DEFAULT_GENOME_VERSION = 'hg19'¶

HG19_VERSION = 'hg19'¶

HG38_VERSION = 'hg38'¶

SAMPLE_NAMES_KEY = 'Sample_Names'¶

SUPPORTED_GENOME_BUILD_VERSIONS = ['hg19', 'hg38']¶

annotate(num_processes=4, chunk_size=2000, verbose_level=1, allow_adds=False)[source]¶

This is the main function of the package. It will run Annovar beforehand, and will kick-start the full annotation functionality. Namely, it will collect all the variant data from Annovar annotations, combine it with data coming from MyVariant.info, and parse it to MongoDB, in the database and collection specified in project_data.

It will return the class VaprDataset, which can then be used for downstream filtering and analysis.

Parameters:	num_processes (int, optional) – number of parallel processes. Defaults to 8 chunk_size (int, optional) – int number of variants to be processed at once.
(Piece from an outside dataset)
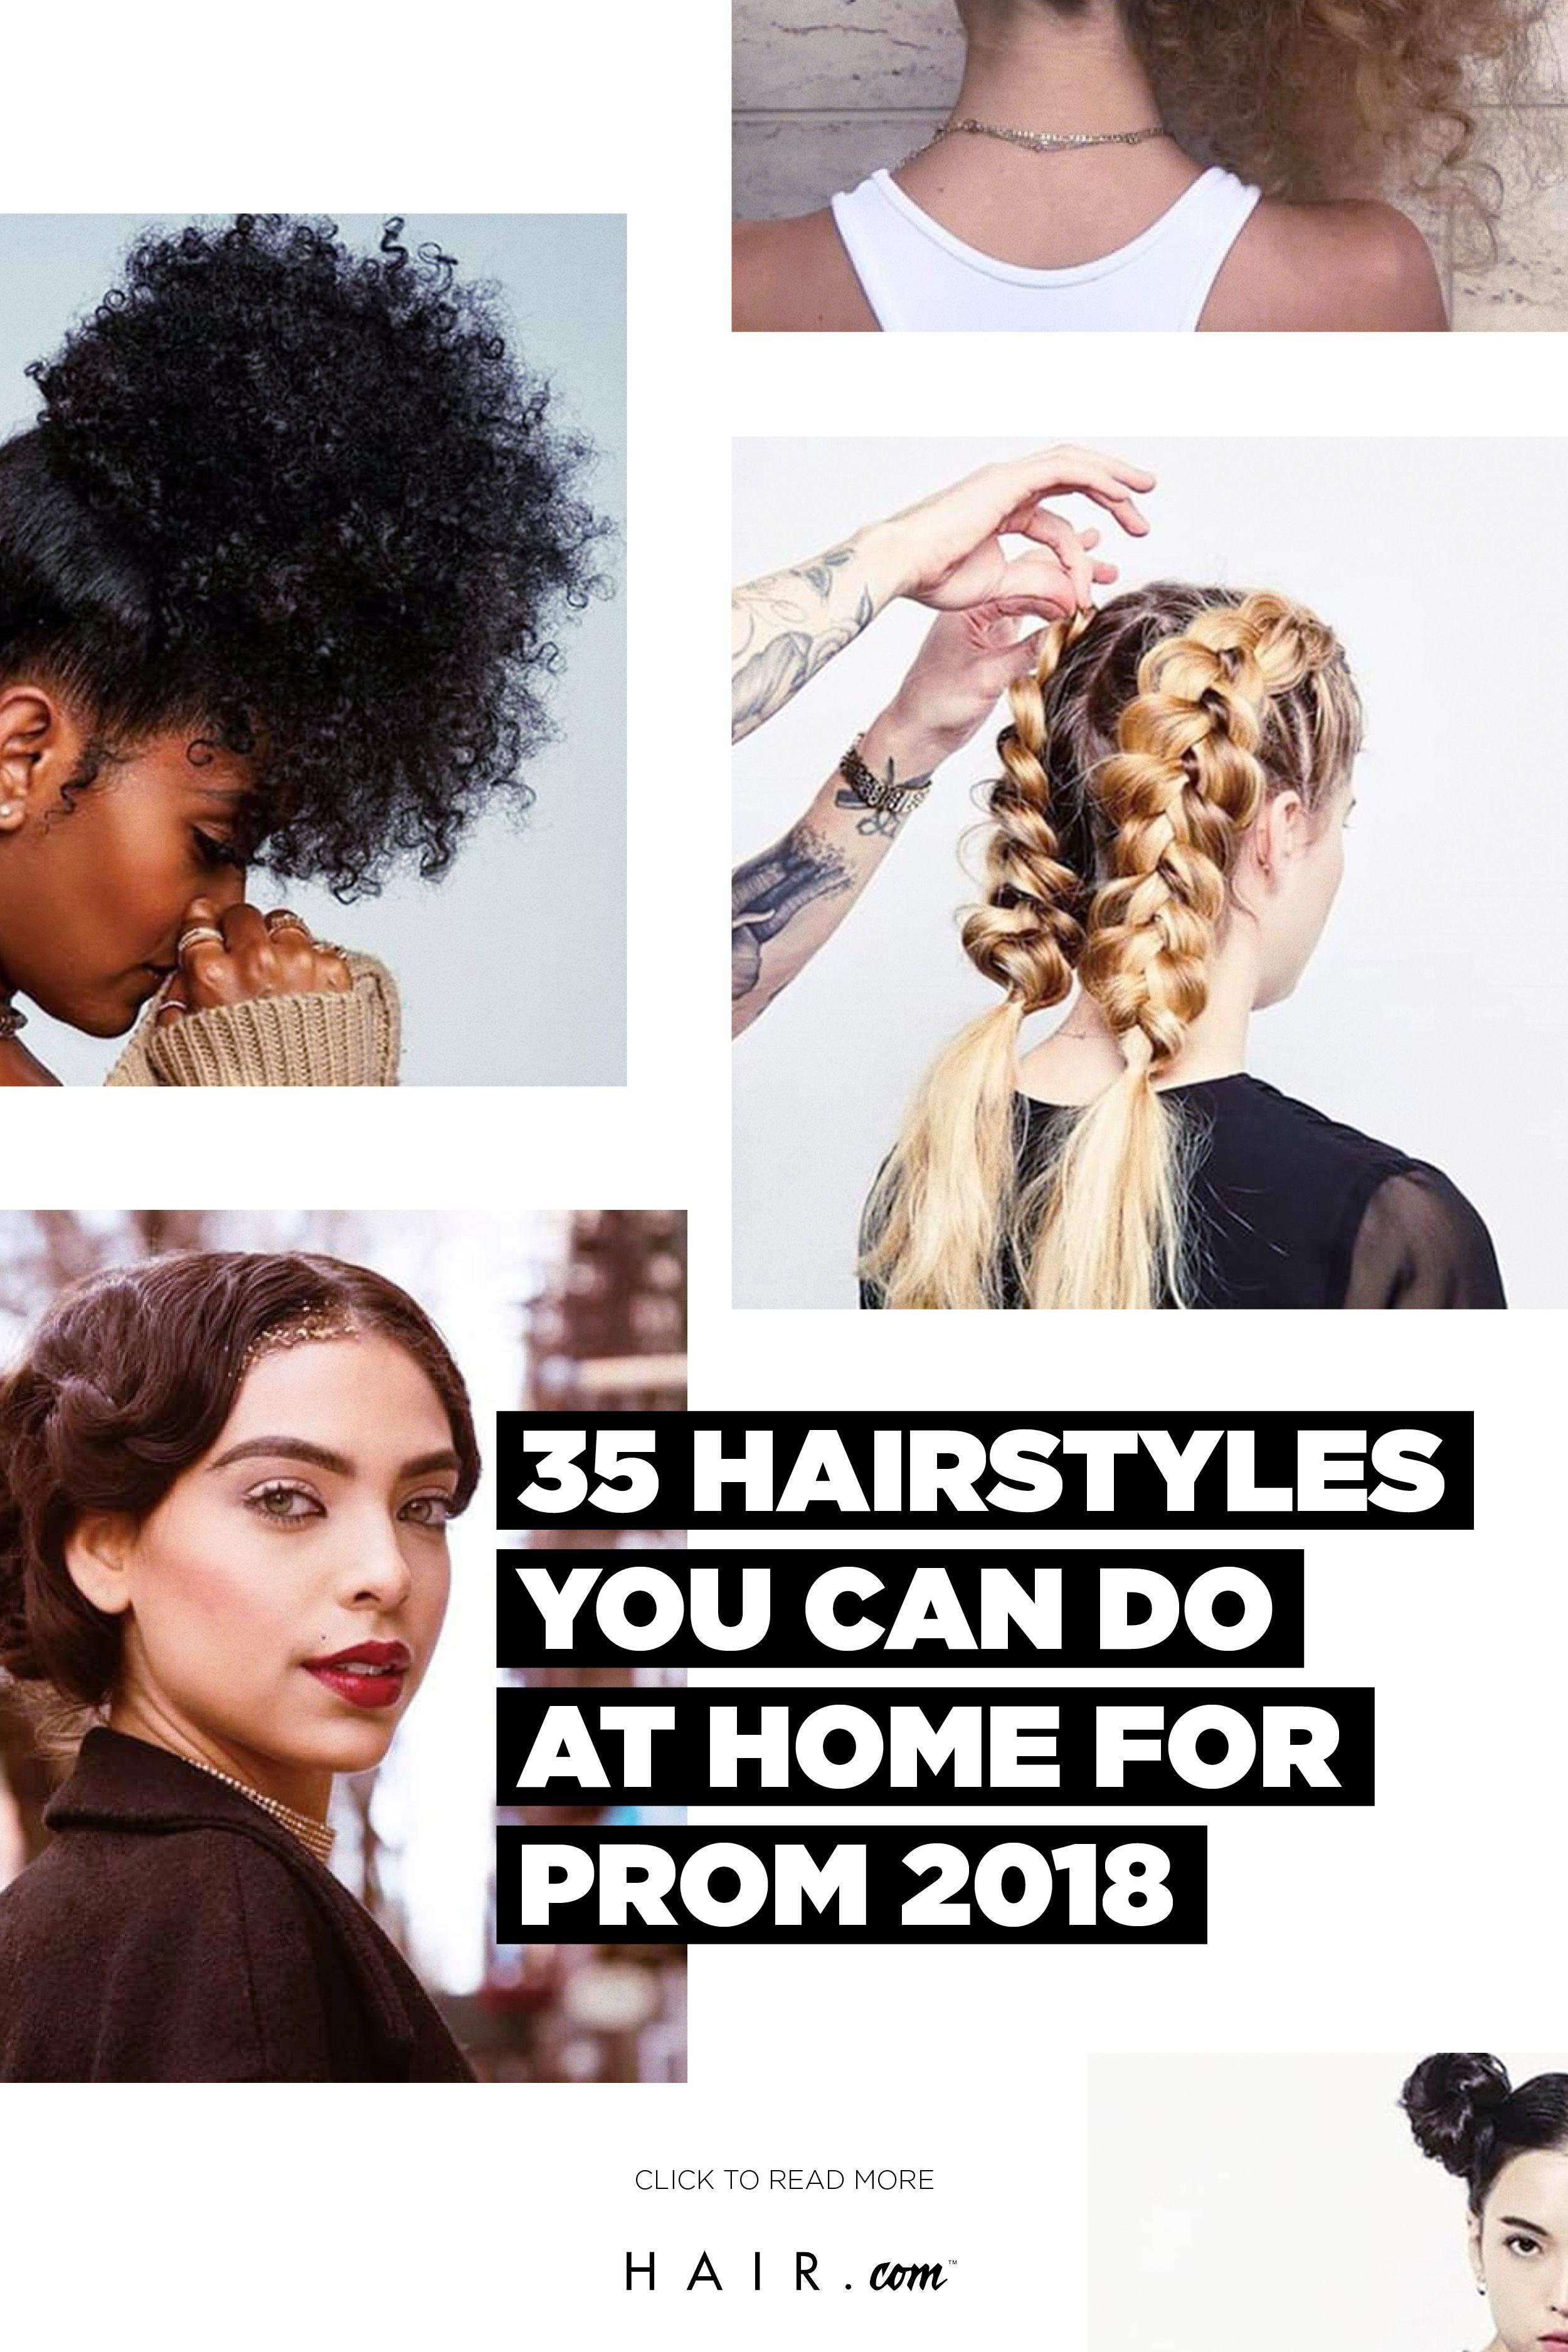 10 More Stunning Natural Hair Pictorials Protective Hairstyles For Natural Hair Goddess Hairstyles Natural Hair Styles

Defaults to 2000 verbose_level (int, optional) – int higher verbosity will give more feedback, raise to 2 or 3 when debugging. Defaults to 1 allow_adds (bool, optional) – bool Allow adding new variants to a pre-existing Mongo collection, or overwrite it (Default value = False)
Returns:	class:~VAPr.vapr_core.VaprDataset
Return type:	class

annotate_lite(num_processes=8, chunk_size=2000, verbose_level=1, allow_adds=False)[source]¶

‘Lite’ Annotation: it will query myvariant.info only, without generating annotations from Annovar. It requires solely VAPr to be installed. The execution will grab the HGVS ids from the vcf files and query the variant data from MyVariant.info.

and inability to run native VAPr queries on the data.

It will return the class VaprDataset, which can then be used for downstream filtering and analysis.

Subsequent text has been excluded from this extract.